We focused on 2 ratios based on the two-legged principle.
To be in good financial health, a company must stand on two solid legs. The first leg is linked to its operations and its level of cash, translated through the gross operating margin. We have "captured" the acceptable threshold of the EBITDA/sales ratio according to the capital intensity of the company.
The second leg, the company's recourse in the event of insufficient margin, is that related to the liquidity of its balance sheet. We have created a specific liquidity ratio, the Reduced Operating Liquidity (ROL) ratio, which is more refined than the existing liquidity ratios, because it truly reflects the true assets and liabilities that are both available and payable at the pure operating level.
The second population is that of companies for which we lack visibility, either because we have no balance sheets or because the balance sheet is too old. In this case, the sectoral evolution that we follow closely is very important.
M.J.: In parallel with the creation of the resilience index, Ellisphere's economic division has been working on sectoral indicators in order to better analyze the impact of the COVID-19 crisis on the sectors of activity. By taking a global view of a sector, we quickly notice disparities that must be taken into account in the analysis.
Indeed, a sector of activity impacted by the current crisis will likely be accredited with a "sensitive" or "critical" index 2. However, a sub-sector, an NAF activity, may perform very well, or even outperform, despite the difficult context. The components are truly multiple.
It is by respecting this approach that we have been able to set up extremely precise indicators that are analyzed in real time. Our methodology was developed on the basis of the INSEE nomenclature, with the exclusion of a few "non-applicable" activities in order to create our Ellisphere reference list, with different sensitivity indices to the current health crisis.
A.L.: Thanks to these indicators, both financial and sectoral, we were then able to set up a cross-coding matrix to calculate a company's resilience index. It allows us to have reliable and up-to-date data on the situation that economic actors are currently experiencing.
How were the government's support schemes taken into account in the calculation of the resilience index?

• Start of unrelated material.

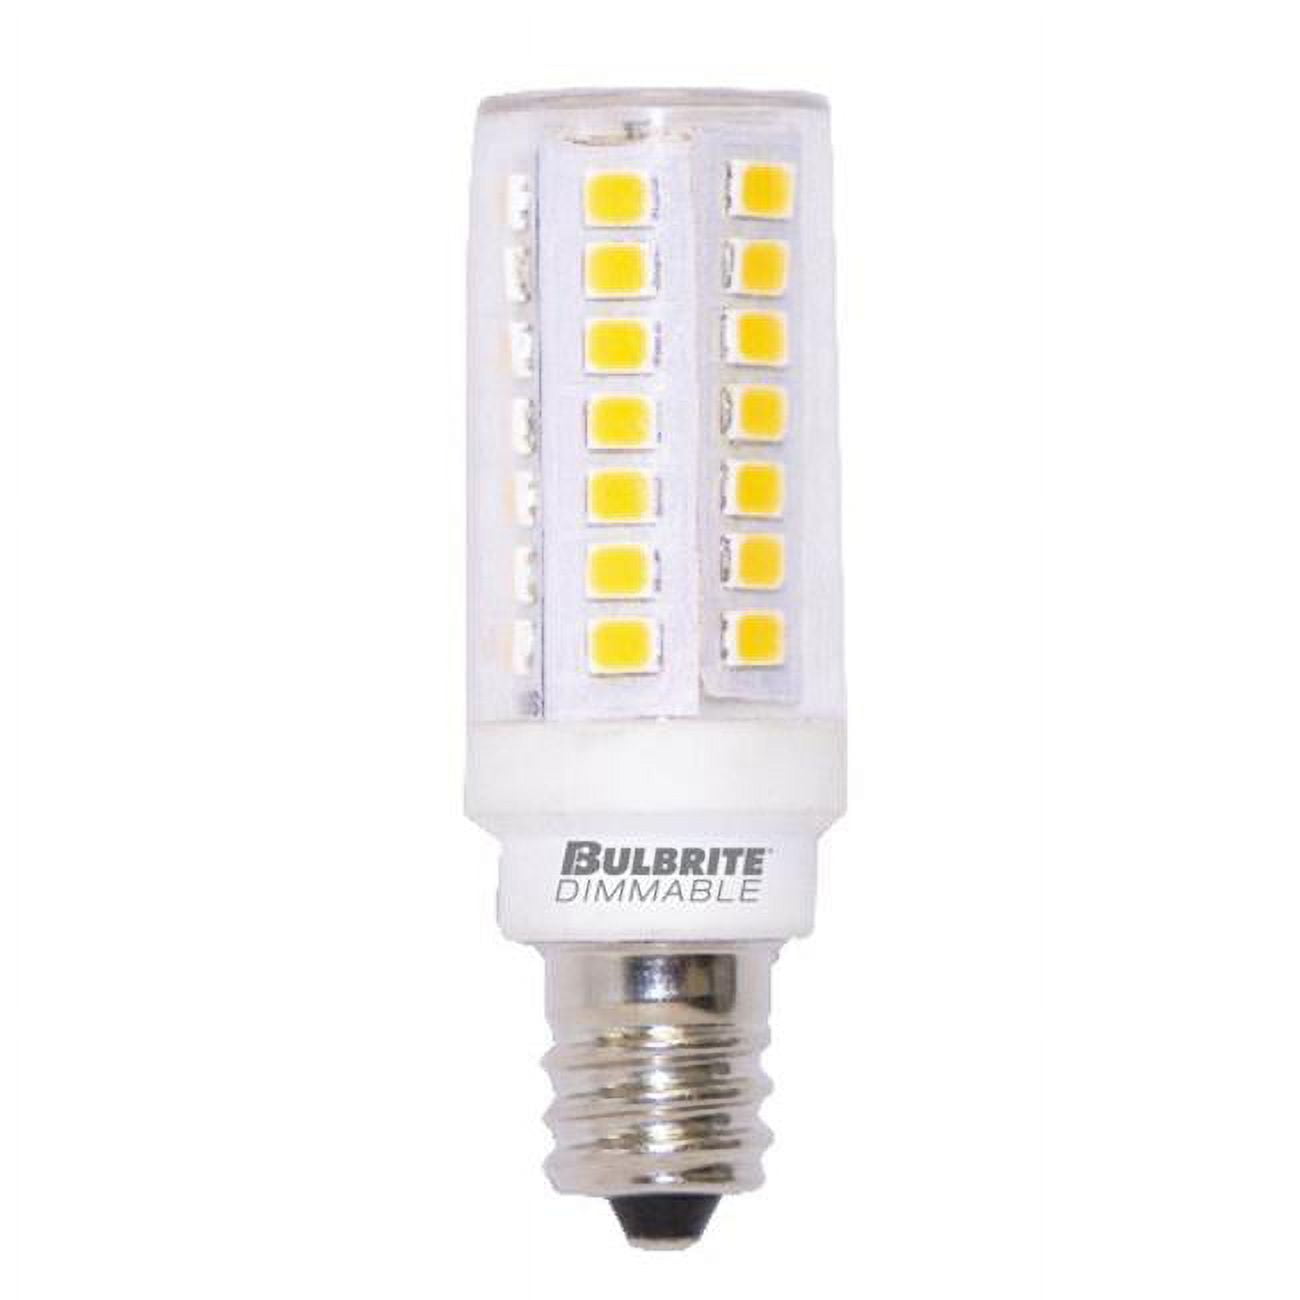 Picture of Bulbrite Pack of (2) 5 Watt 120V Dimmable Clear T6 LED Mini Light Bulbs with Candelabra (E12) Base  3000K Soft White Light  550 Lumens

M.B.: The government has put in place a very broad range of support measures, covering all sectors of activity and all sizes of company. At this stage, more than 110 billion euros have been distributed through the solidarity fund, tax credits, short-time working, exemptions or deferrals of charges, in addition to the massive 300 billion euros of PGEs (State Guaranteed Loans)... These data have been taken into account in the calculation of the resilience index.
"The Resilience Index gives us reliable, up-to-date data on the situation that economic actors are currently experiencing. "
- Alain Luminel, Head of the financial expertise division at Ellisphere
How will this index last over time?
M.J.: This is precisely the challenge of this index and the work we have done with our teams. Indeed, the main objective is to analyze the impact of the crisis on companies in a very detailed way, but also over time. We don't really have visibility on the next few months, but we can nevertheless try to estimate the impact and project ourselves. Some sectors are still at a standstill, others are partially recovering... We also have to take into account in our analysis the different state aids to sectors in great difficulty... Let's also keep in mind that a reconfinement is always a possible scenario.
A.L.: There is an absolute necessity to stick to reality with this index. Companies expect us to be sharp in the information we provide them. This is the challenge that we have faced and will continue to face in the coming months. This pushes us to continue to think further and further ahead in order to better understand the economic issues that await us.